Royal Mail commercial director Duncan Webb has been appointed first chairman of the British Vehicle Rental and Leasing Association’s (BVRLA) new fleet committee.
BVRLA announced its intention to open membership to end-user fleets a year ago (Fleet News, October 14, 2018) and the committee, introduced earlier this year, marks the next step in its plans to engage and involve fleets in its lobbying activities.
Jay Parmer, current BVRLA director of policy and membership (see panel), said the move would strengthen the association’s ability to present industry issues to Government and policy advisors while also helping to shape its own agenda.
“We already do lobbying work and we represent the customer base in our work,” he said. “So the obvious thing is why don’t they help to shape that policy. It’s a natural evolution and means we don’t have to rely on third party information from members. It sharpens up our messaging.”
The fleet committee is targeting a group of 10-15 “good quality” companies who will be active participants in shaping and driving the agenda. It will meet quarterly.
“Good quality means proactive and engaged, but not necessarily the large companies,” said Parmar. “We want a mix of large and small to give a balanced view. We also want a good geographical spread and companies from a range of sectors.”
Work has already started in a number of areas, including on the BVRLA’s sometimes contentious fair wear and tear guides. “The fleets are helping us to improve the way they are written and laid out – the customer view gives balance and makes it more objective,” said Parmar.
The fleet committee has also met officials from the Department for Transport’s Joint Air Quality Unit to share views on a proposed air quality portal, which is under development for launch in January 2020.
Fleets gave feedback on a vehicle checker tool that allows motorists to enter their registration to see whether they will incur a charge for entering a clean air zone and on the need to have a simple-to-use centralised payment portal with the ability to check multiple vehicles at the same time.
Parmar dismissed fears that the decision to court fleets would lead to conflict with trade associations such as ACFO and Freight Transport Association (FTA), pointing out that both already had BVRLA members, such as leasing and rental companies, within their memberships.
At the time of the announcement, ACFO said it was “surprised and disappointed”, suggesting there was “bound to be conflict when an organisation attempts to represent both suppliers and customers in the same industry”.
However, Parmar said: “I believe it strengthens our voice because we can present a united view.
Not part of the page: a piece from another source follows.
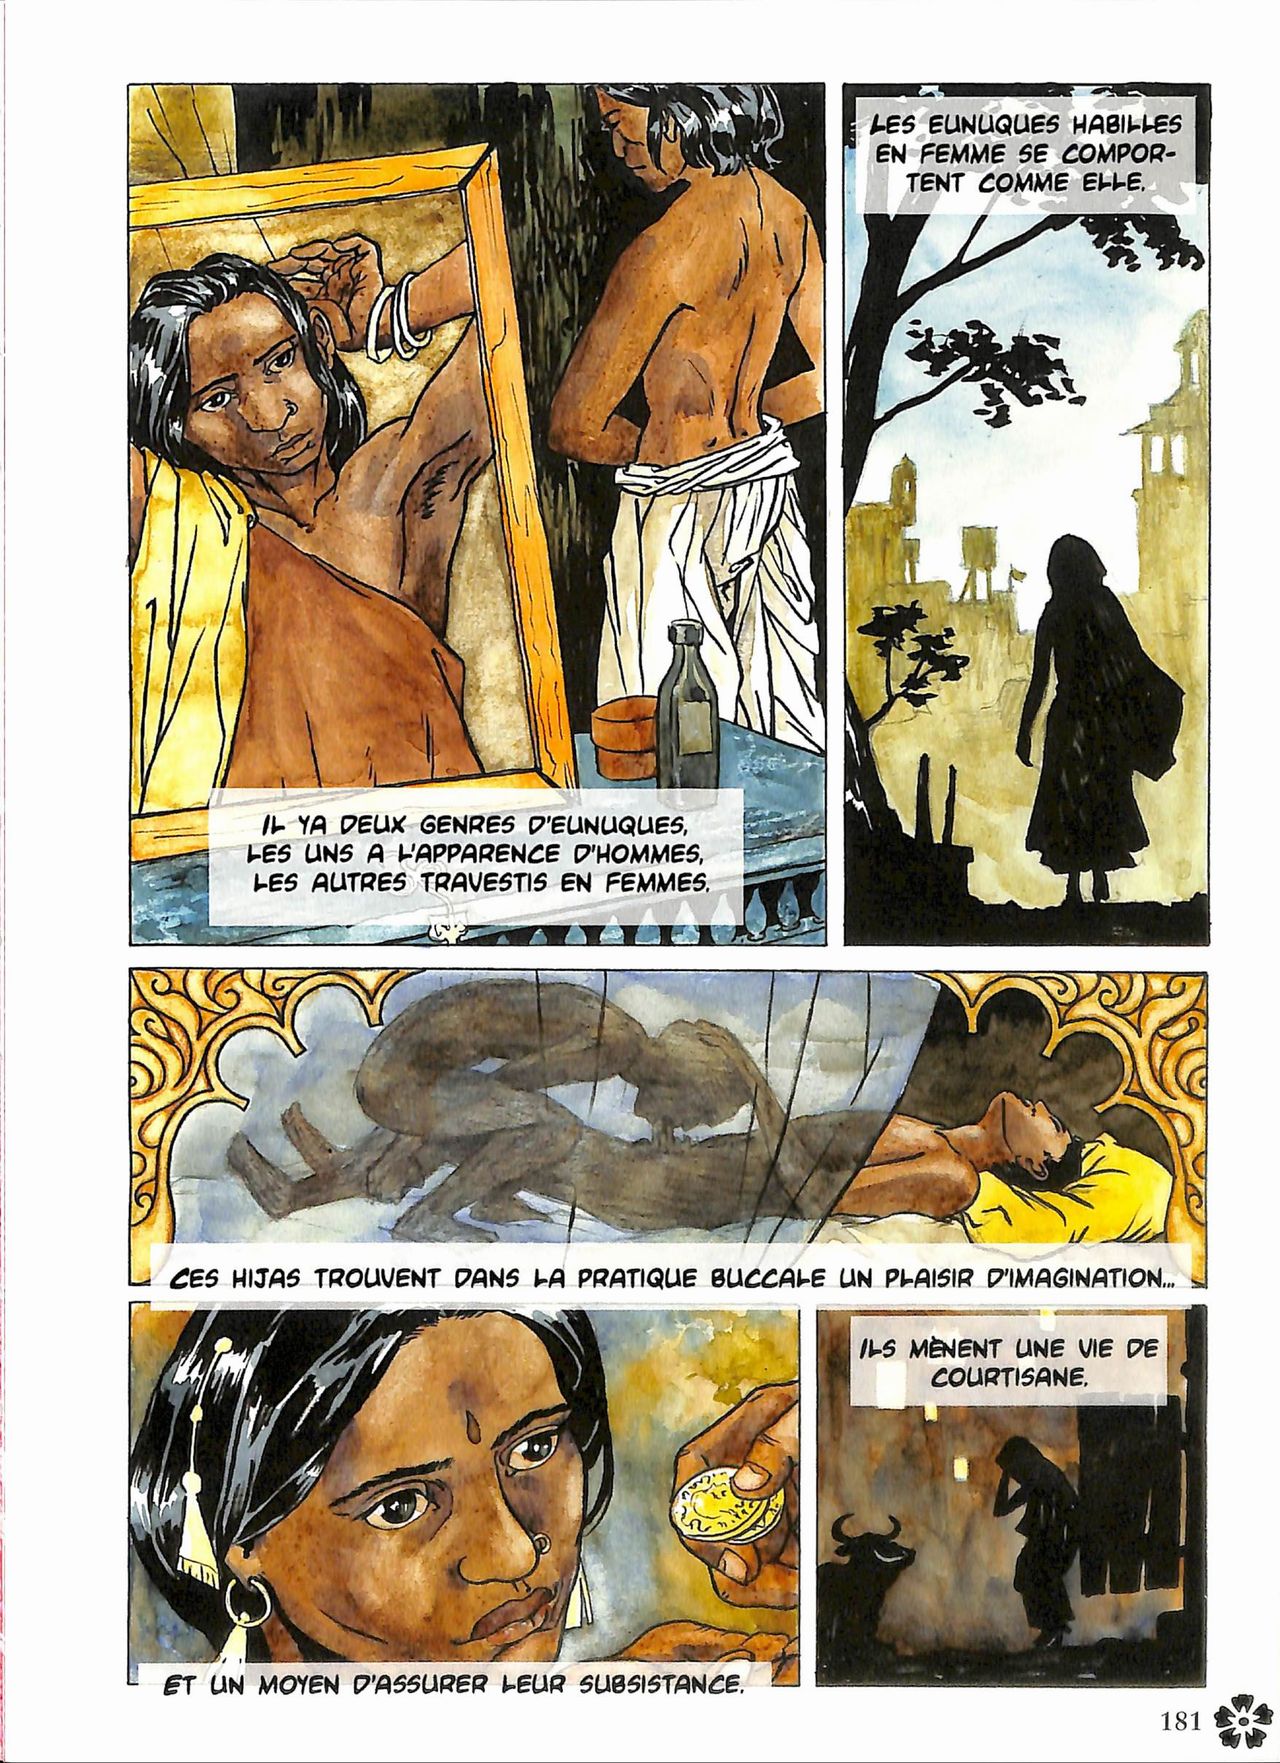 Kama Sutra en bandes dessinées - Kama Sutra with Comics numero d'image 181

We don’t see it as a conflict. We will be able to give the Government constructive feedback.”
He insisted that BVRLA would continue to work alongside ACFO and FTA, among others, when lobbying Government on policy.
“We can’t underestimate the power of bringing trade bodies together to lobby Government and that won’t change,” he said. “We are not retreating or isolating ourselves; it’s a pragmatic move, not empire building.”
He added: “It will also be right for us to let others lead when relevant, where they have a pool of knowledge that strengthens the voice. We all have core competencies and there are areas where there is overlap and we will work together.”
Examples of cross-association working include topics such as air quality and direct vision standards, whereas other areas, such as lease accounting rules or WLTP for vans, are being led by BVRLA.
“The fleet sector voice is not well understood; it’s the manufacturer and supplier side which has the voice. But we can accelerate the goals and aspiration for the sector; it’s an authentic voice that amplifies the message,” said Parmar.
BVRLA stresses that it doesn’t see fleet as a major revenue stream. It has kept subs low, aligned with its associate membership fees. So far, a handful of fleets have joined, although more have attended meetings.
“We have to show them where the value is; committee meetings aren’t talking shops,” Parmar said.
Following his appointment, Duncan Webb said: “The BVRLA has a long history of supporting its members and this has increasingly involved representing the voice of fleet operators. The creation of a fleet operators committee is a natural step to put the operators’ voice into their existing influencing channels with Government policymakers and also give the BVRLA a more balanced view alongside its core membership given it is an independent association. A key outcome and objective from the operators committee will be ensuring the valued work undertaken is achieved on behalf of all fleet operators in the market.”
Jay Parmar to leave BVRLA after 19 years
Jay Parmar, the driving force behind the BVRLA decision to open membership to end-user fleets, is leaving the association after 19 years.
Parmar will take up his new role as chief executive at JIB, the Joint Industry Board for the Electrical Contracting Industry, on October 1.
“I am thrilled to be given the opportunity to lead the JIB team,” Parmar said. “My focus will be to ensure that the organisation remains at the forefront of the industry’s fast pace of change; supporting members and further strengthening the value of membership.”
Thanking Parmar for his service, BVRLA chief executive Gerry Keaney said: “His contribution during the past two decades has helped to drive our industry forward and his commitment to delivering the highest industry standards has supported our members through times of unprecedented change and challenge.”